A expectativa é de que, a partir do ano que vem, o espaço possa voltar a ser usado por toda a comunidade

Em 30 de agosto de 1951, a Praça de Esportes de Mogi Guaçu passou a ser denominada Estádio Municipal Alexandre Augusto Camacho em homenagem ao responsável pela fundação do espaço, que completa 70 anos na próxima segunda-feira.

Palco oficial das competições do time alviverde da cidade, o Clube Atlético Guaçuano, popularmente chamado de Mandi, a estrutura deverá passar ao longo dos próximos meses por serviços de manutenção e reestruturação.

O secretário municipal de Esporte e Lazer, Raphael de Godoy Locatelli, comenta que há recursos no valor de R$ 468 mil, conquistados por meio das emendas impositivas dos vereadores da cidade, que serão usados nas melhorias do estádio. A expectativa é de que, a partir do ano que vem, o espaço possa voltar a ser usado por toda a comunidade.

“Estamos muito animados com a perspectiva de dar vida nova ao Estádio do Camacho, que é um equipamento importante dentro do esporte regional”, afirma.

Camacho

O estádio carrega o nome de Alexandre Augusto Camacho, cidadão que nasceu na Ilha da Madeira, em Portugal, em 28 de fevereiro de 1870 e falecido em 24 de fevereiro de 1951. Imigrou ainda jovem ao Brasil, chegando à cidade litorânea de Santos em 12 de março de 1888. De imediato, dirigiu-se a Mogi Guaçu, onde montou uma oficina mecânica. Anos depois, em 25 de maio de 1895, casou-se em Mogi Mirim com Maria Augusta Camacho, de cuja união não houve filhos.

Sem nenhum tipo de remuneração, foi delegado no munícipio, atuando também em outros segmentos como obras públicas, na construção da Cadeia Municipal de Mogi Guaçu, e no mercado de São João da Boa Vista. Além disso, auxiliou na montagem das pontes das estradas de ferro e de rodagem localizadas em Mogi Guaçu no início do século 20.

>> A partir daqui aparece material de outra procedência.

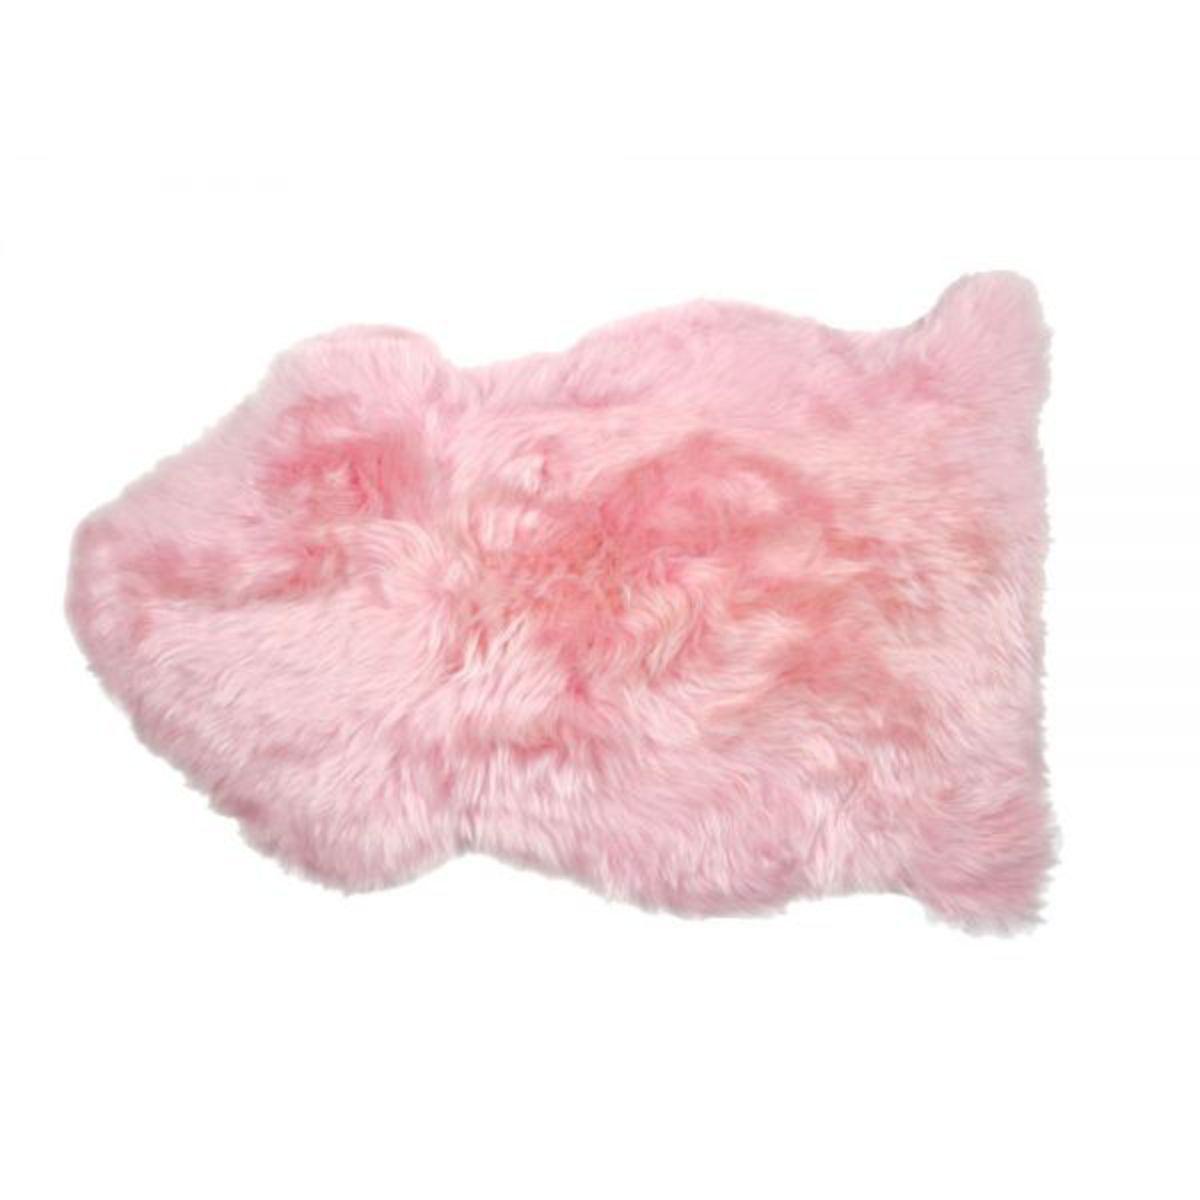 tapis peau pas cher tapis peau pas cher with tapis peau pas cher avoir un tapis zbre sans. Black Bedroom Furniture Sets. Home Design Ideas

Na companhia de industriais e comerciantes, ajudou na conquista do primeiro estabelecimento de crédito de Mogi Guaçu, a Caixa Rural, que anos depois se transformou em Banco Rural, no qual atuou como diretor-gerente.

Porém, seu vínculo mais conhecido é com o Clube Atlético Guaçuano. Camacho não chegou a ver a profissionalização do time, que ocorreu apenas em 1974. Tampouco de outros clubes da cidade, já que o primeiro a atuar desta forma foi o Cerâmica Clube, em 1958.

Alexandre Augusto Camacho foi eleito o primeiro presidente da agremiação, em sua fundação, no dia 26 de fevereiro de 1929, mantendo-se na função até o ano de sua morte, em 1951.